The human future as a design space – what does that mean to you?
You hear a snap in the underbrush, and suddenly you are wide awake. Your senses are tingling. Your eyes wide open. Your ears reaching out around you to find the source of the sound in the darkness. Your breathing sounds like a roar. The hairs on the backs of your hands feel the slightest puff of air. Your fingers wrap around the handstock of your gun. You slowly and quietly click the night vision goggle into place. You goose your SensAmp unit to enhance your decision-making skills, to speed your reactions, and to calm your thinking. Then you sit, and you listen, and you watch, and you wait.

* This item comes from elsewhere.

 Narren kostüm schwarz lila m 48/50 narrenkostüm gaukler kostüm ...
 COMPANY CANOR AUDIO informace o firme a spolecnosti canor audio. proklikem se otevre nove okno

You are immersed in technologies, each of which extends the boundaries inherent in your body. You can see where you wouldn’t otherwise. The gun allows you to project your physical capabilities further from your body. The non-invasive electrical stimulation unit drives just the right amount of arousal to put you at the peak of your performance curve.

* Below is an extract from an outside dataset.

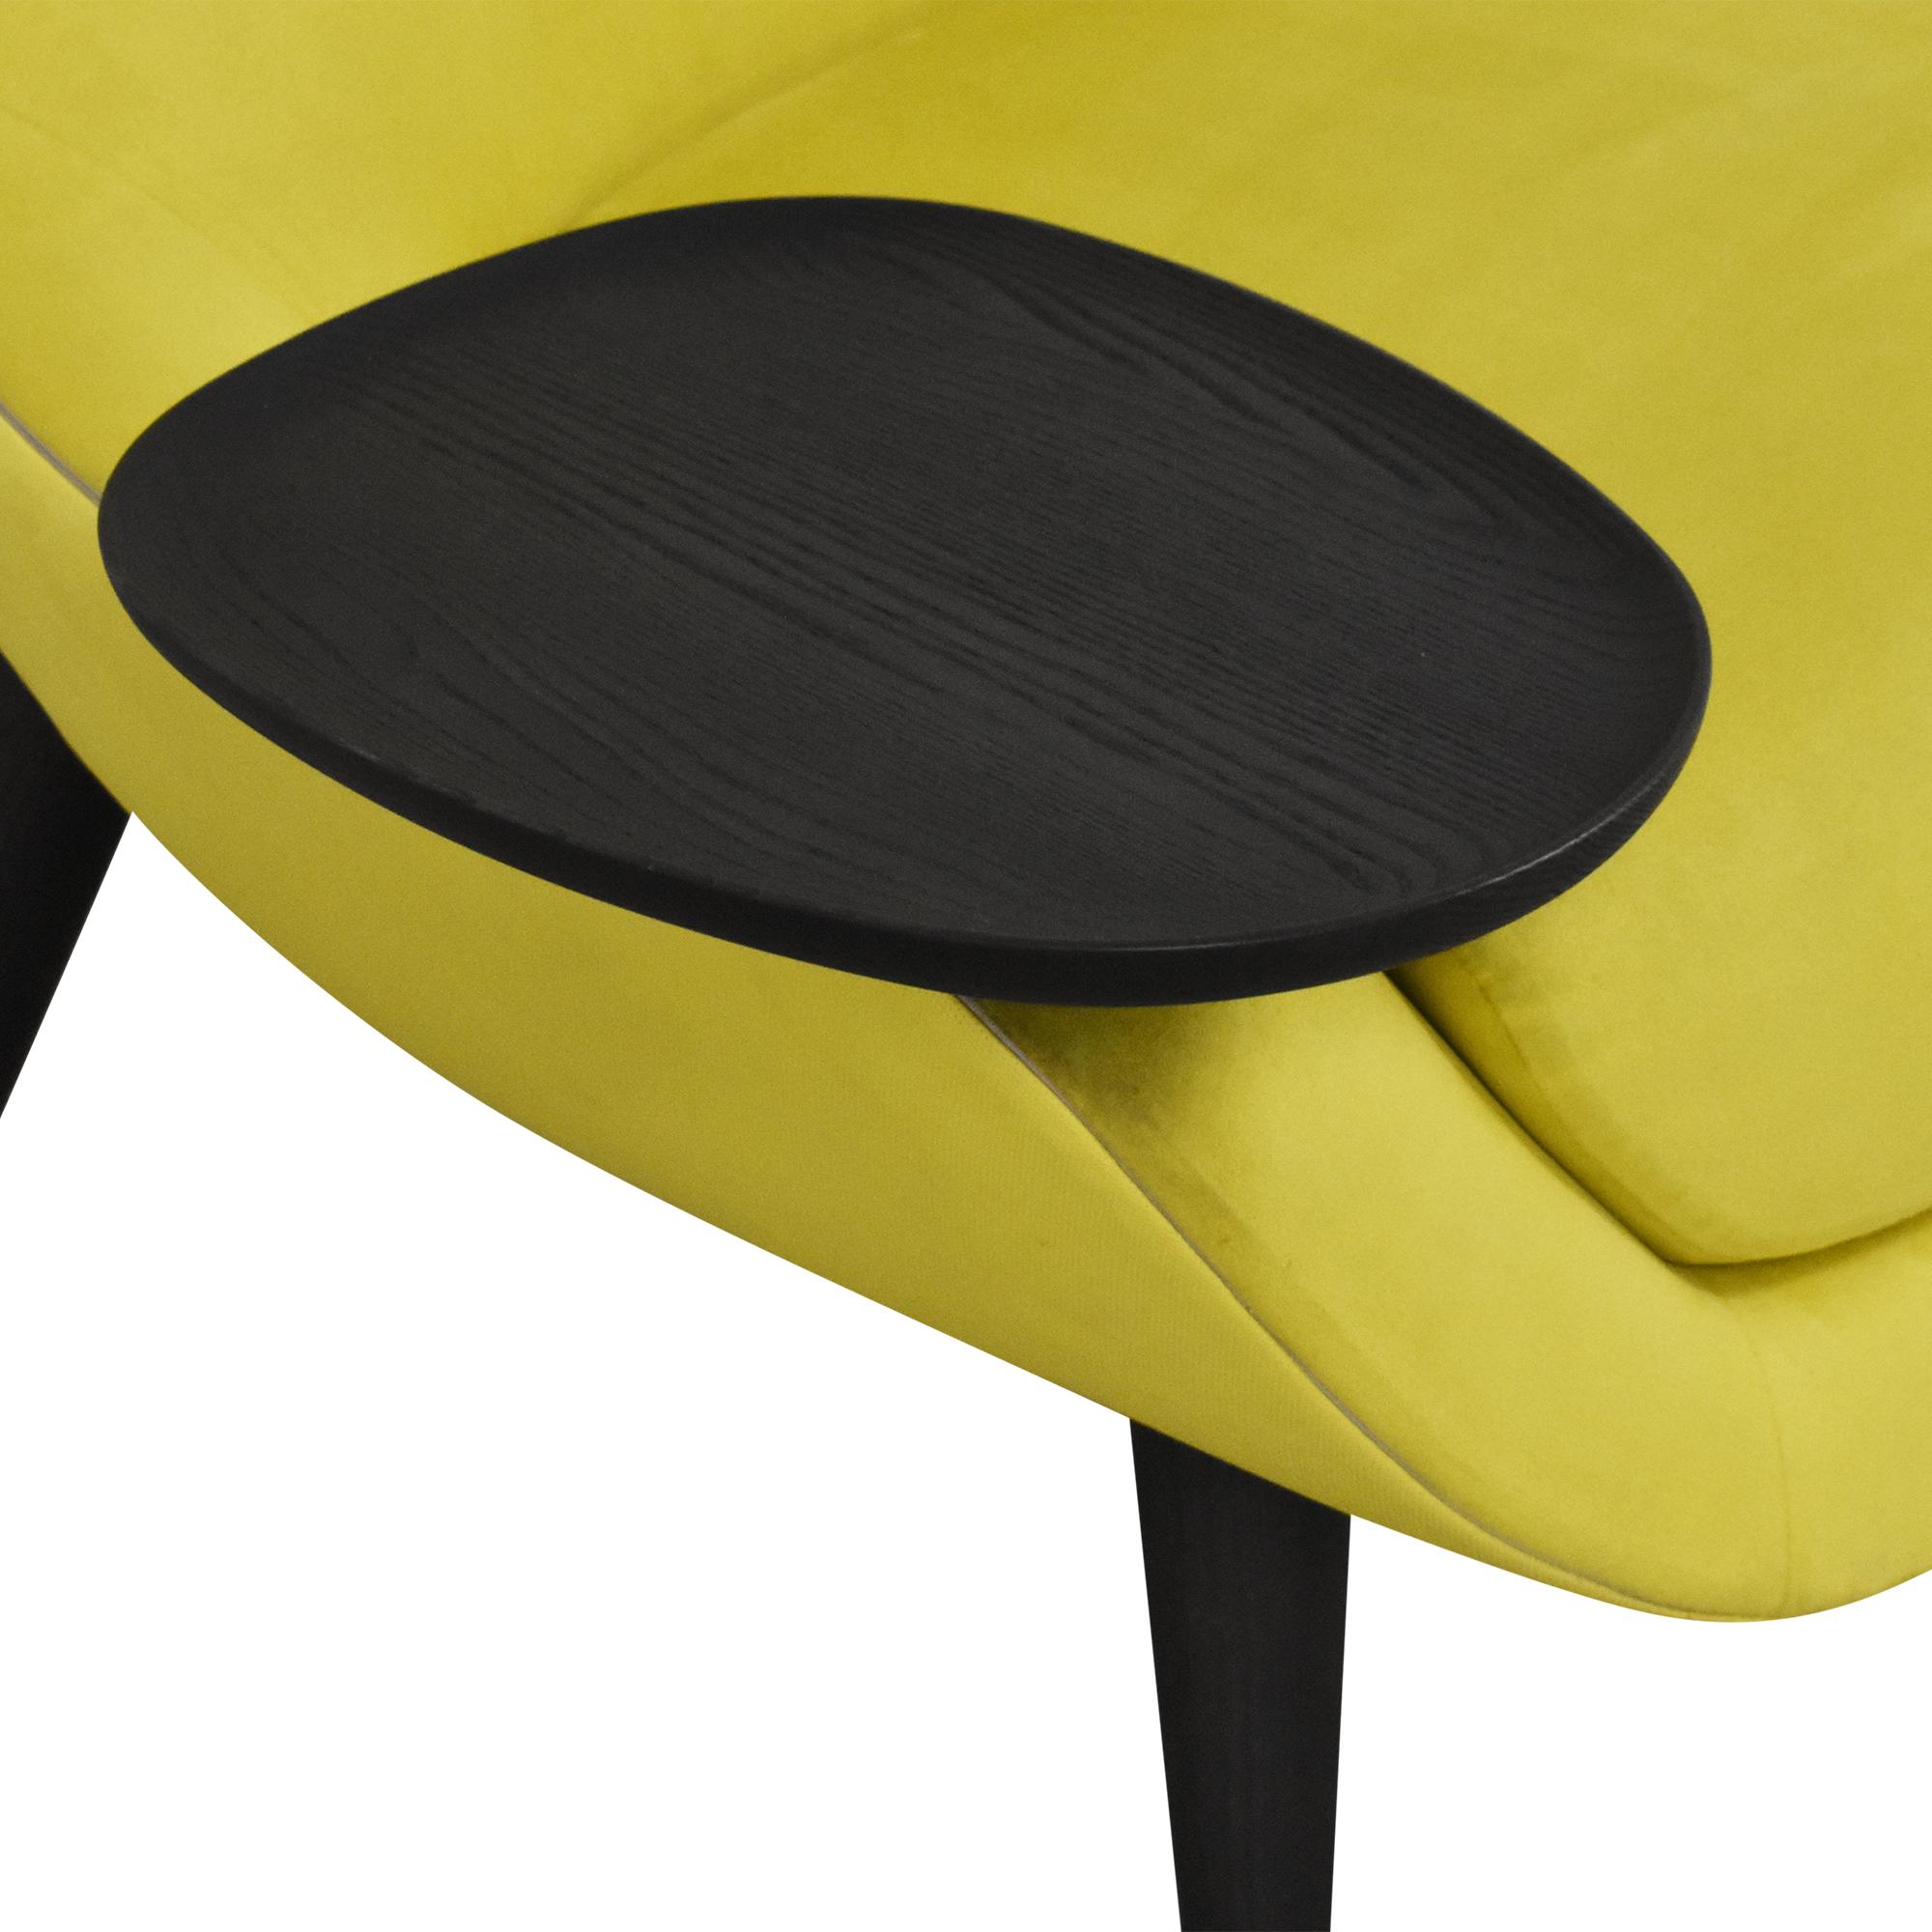 Poliform Poliform Mad King Chair discount

That’s a fantastic vision that most of us will never get to experience, and yet all of us, in many profound ways, are continually immersed in technologies that extend our capabilities. Some we take utterly for granted. Our eyeglasses and our hearing aids settle into our self-image as if we were born with them. Others are a bit more remote, although no less profound: at the moment I’m sitting on a 787 Dreamliner flying over the heartland, going far more miles in a few short hours than I’d otherwise be remotely capable of achieving.

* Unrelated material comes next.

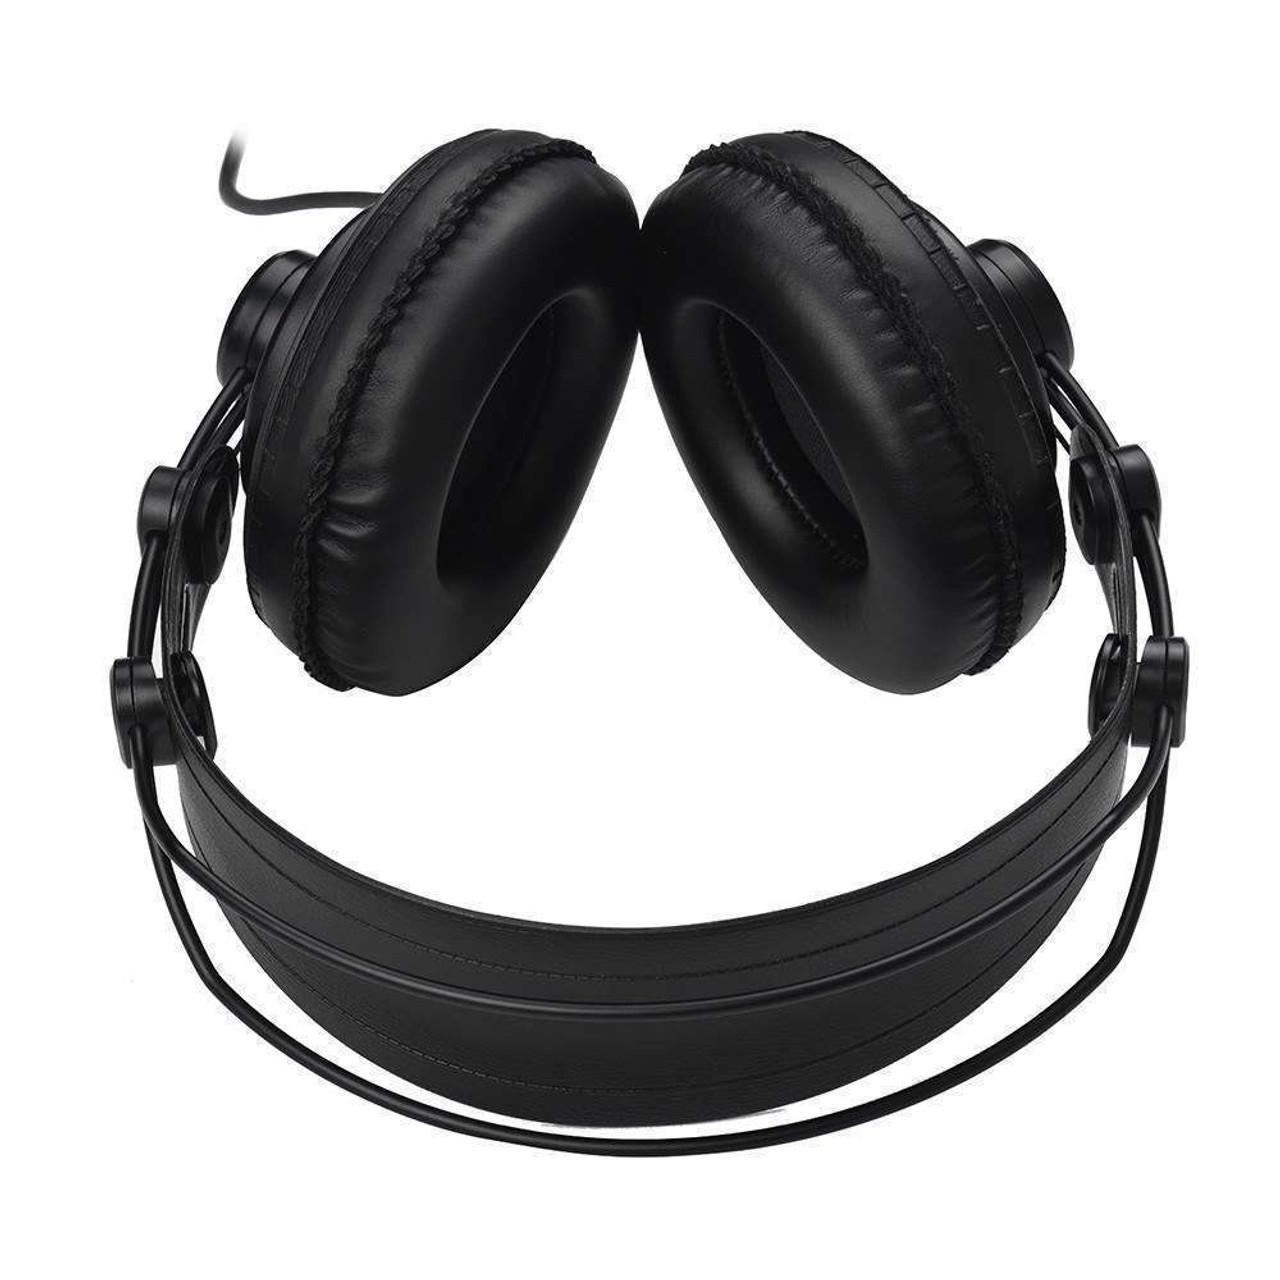 SAMSON SR850 Professional Studio Headphones For DJ & Gaming

The best designed of these technologies settle right into our nervous system, and become not just extensions of ourselves, but a part of ourselves. This is one of the key strengths of nervous systems – probably one of the reasons they are so successful. They adapt. Our brain recognizes the advantage to treating tools as more of us: after all, we use tools to expand our capabilities, and that would never work if our brains couldn’t capture that expansion by changing how it thinks of our bodies. There are in the brain multiple representations of the body, the homunculi.
Model of a motor homunculus. Parts of the body are sized according to how much space the brain gives to processing information to control that part of the body. Natural History Museum, London.
Our hands get a special place in several of these homunculi, and these specialized representations of our hands make possible all matter of intricate manipulations of our environment, such as typing away on my keyboard. What if I give you a rake, and ask you to use that rake to reach out beyond where you might normally? In monkeys, doing this induces striking changes in the way the brain represents the hand. The brain comes to include the rake as part of the monkey’s monkunculus. No doubt the same happens to our homunculi as we use tools.
Adaptability is central to viewing the nervous system as a design space. Like all design, there are constraints we have to understand. What are our design goals, and what is presently preventing us from achieving those goals? Our visual system has evolved to very effectively pluck out key elements in visual scenes: lines, curves, colors, shapes, faces. The visual system achieves recognition of these features and integrates them into a seamless perceptual whole in the blink of an eye.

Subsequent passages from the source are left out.